SQL-Injection-Versuch PHP 5.2.6
-
20-08-2019 - |
Frage
Mit PHP 5.2.6 in XAMPP:
Ich las über SQL-Injektionen hier und versuchte, das mit dem folgende Login-Formular:
<html><body>
<form method='post' action='login.php'>
<input type='text' name='user'/>
<input type='text' name='pass'/>
<input type='submit'/>
</form>
</body></html>
und PHP-Code:
<?php
$user = $_POST['user'];
$pass = $_POST['pass'];
$query = "Select * from users where user='$user' AND pass='$pass'";
echo $query;
mysql_connect('localhost','root','');
mysql_select_db('test');
$res = mysql_query($query);
if($res) $row = mysql_fetch_assoc($res);
if($row) echo 'yes';
?>
Was ich herausgefunden hat war, der $ Pass Variable bereits all entkamen die Sonderzeichen hatte.
So gibt es keine Notwendigkeit, das mysql_
real_
escape_
string in PHP 5.2.6 dann zu benutzen?
Lösung
Es ist wahrscheinlich, dass Ihr PHP-Server konfigurieren, ist zu verwenden Magic Quotes . Eine veraltete Einstellung in PHP, die automatisch alle eingehenden Daten in einem PHP-Skript entkommt. Es ist veraltet und wird in PHP 6. Hier sind Zends Gründe zum Entfernen von Magic Quotes.
Es ist besser, nicht auf ‚Magie‘ zu verlassen, die viele Dinge macht Arbeit, aber bricht andere. Explizit Ihre Eingabe zu entkommen ist zuverlässiger und machen Sie besseren Code entwerfen.
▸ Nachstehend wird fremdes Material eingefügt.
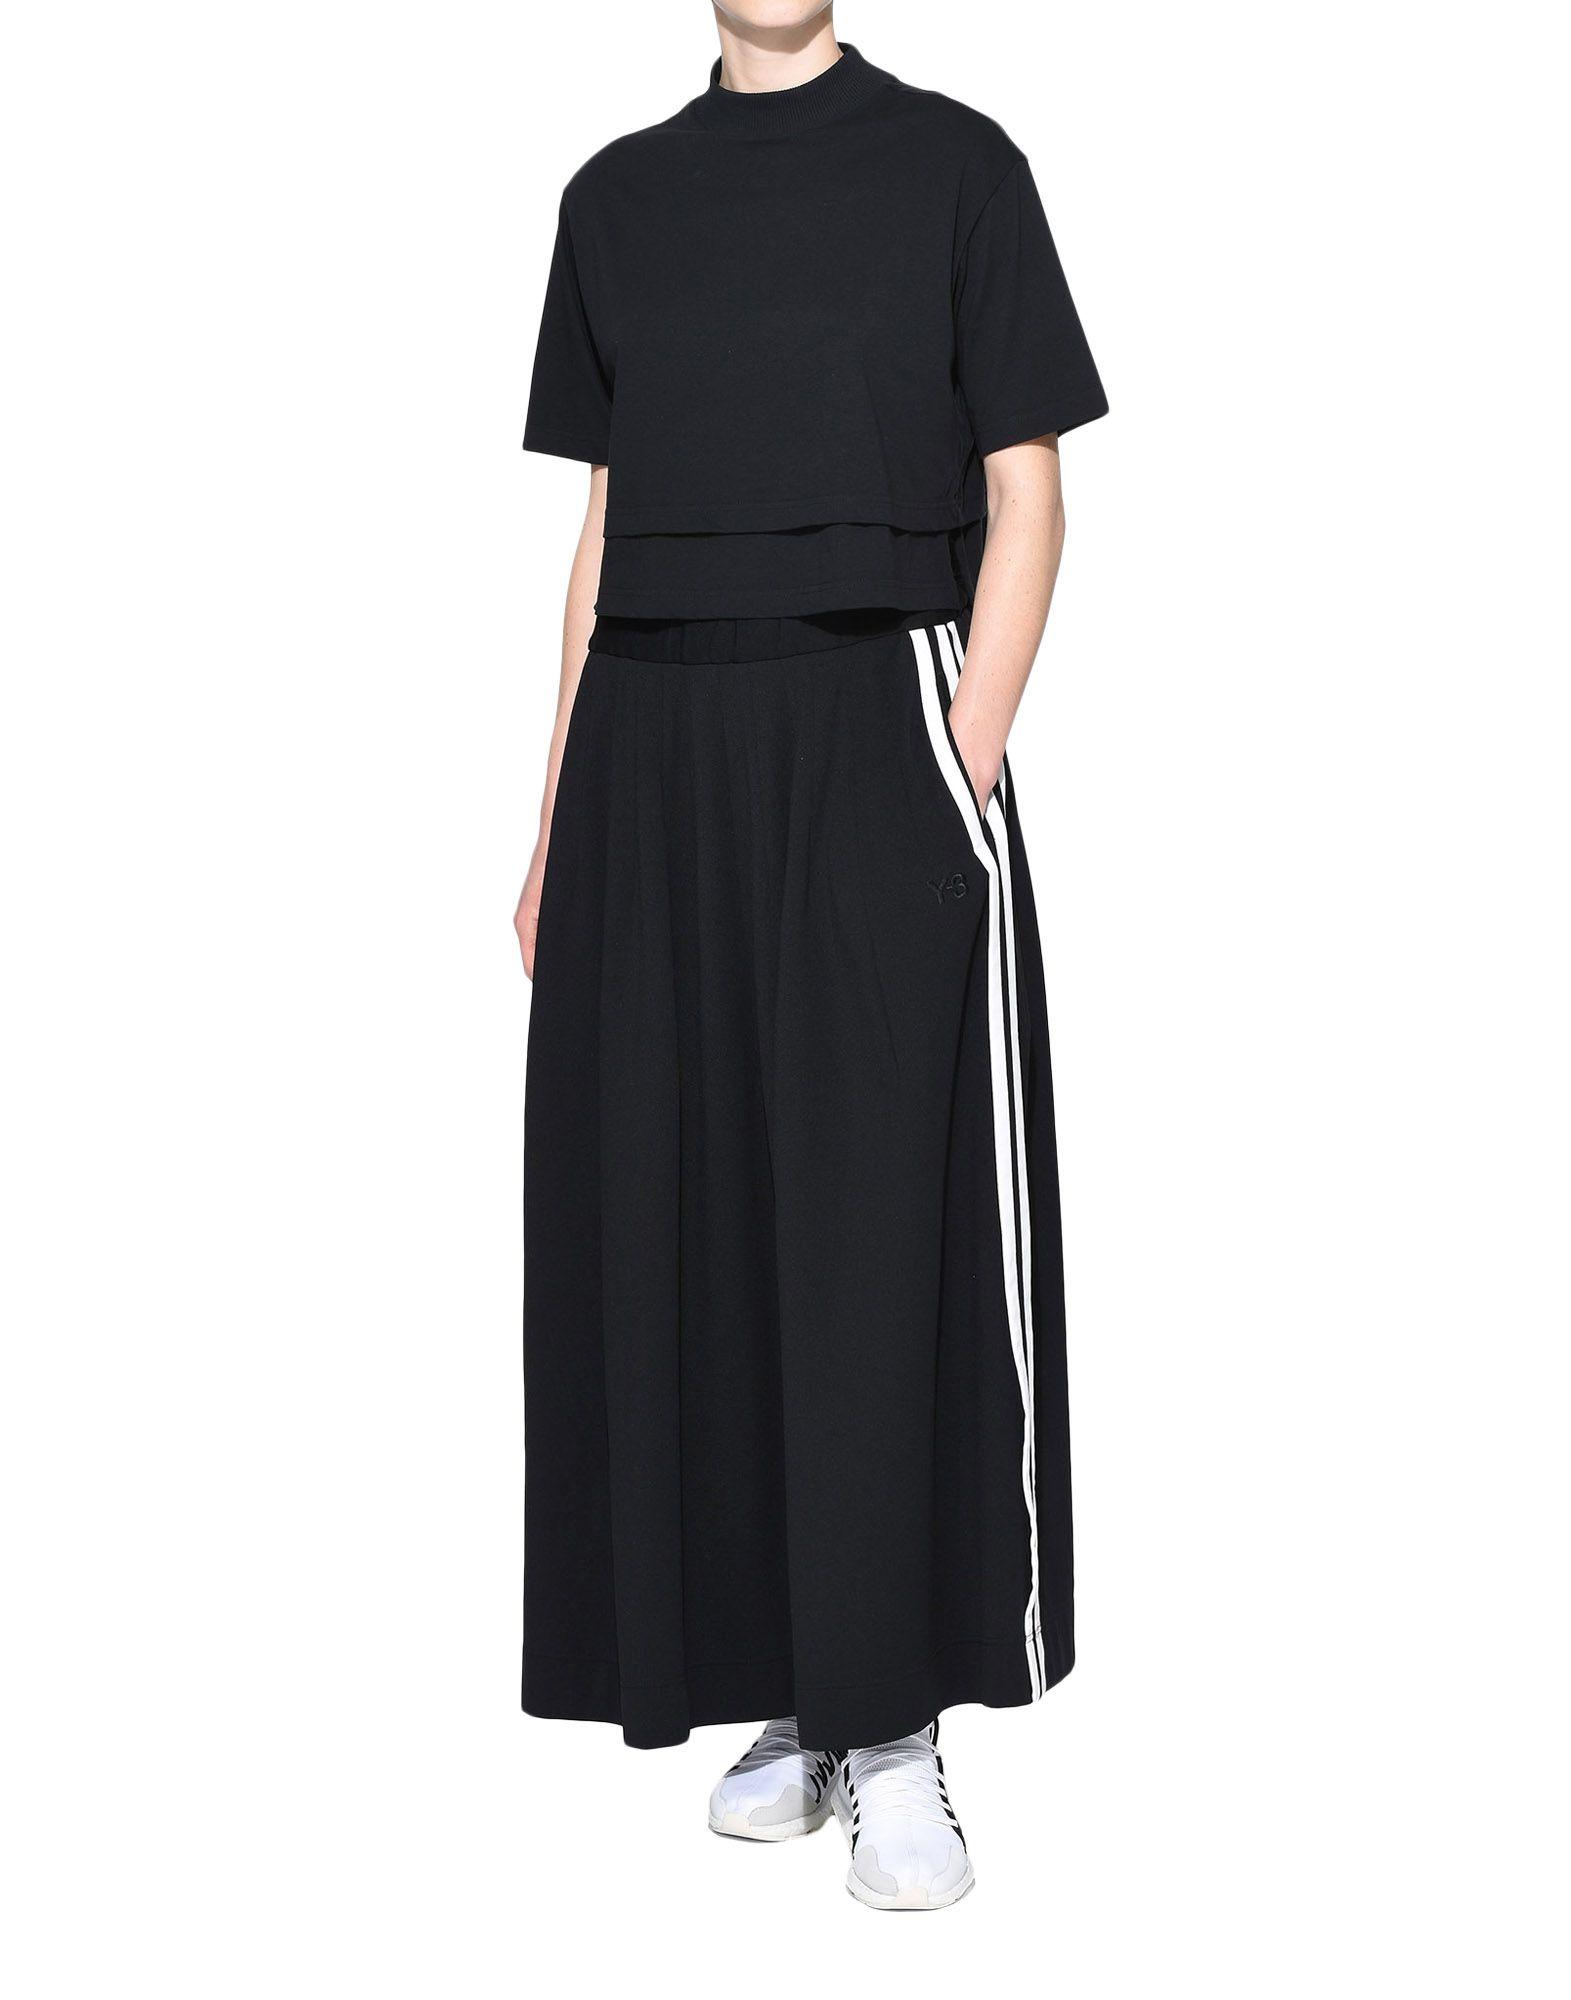 Y-3 Y-3 3-Stripes Selvedge Matte Track Skirt Юбка до колена Для Женщин a

Zum Beispiel muss nicht alle Eingaben auf die gleiche Art und Weise maskiert werden.
Andere Tipps
Die Werte können entwertet werden aufgrund Magic Quotes in der Server-Konfiguration aktiviert werden. Magic Quotes sind sehr schlecht betrachtet, im Grunde für den genauen Grund, den Sie erwähnen. Es ist nicht sicher auf ein Feature verlassen, die nicht auf automagically sein können, um Ihre eingehenden Daten zu entkommen. Es ist viel besser, es zu tun, um sie während der Laufzeit.
Für weitere Informationen über Magic Quotes, und warum sie schlecht sind, und wie sie deaktivieren, werfen Sie einen Blick auf einige dieser SO Fragen / Antworten:
Nein, ich glaube nicht, dass Sie sich hier sind. Unabhängig davon, ob magisch php Sonderzeichen in diesem Beispiel entweicht, wird der Dolmetscher nicht gehen auszuführen MySQL spezifische Flucht auf Ihre Anfrage args.
Ich denke, es ist sehr wahrscheinlich, dass es in diesem Code eine Schwachstelle ist.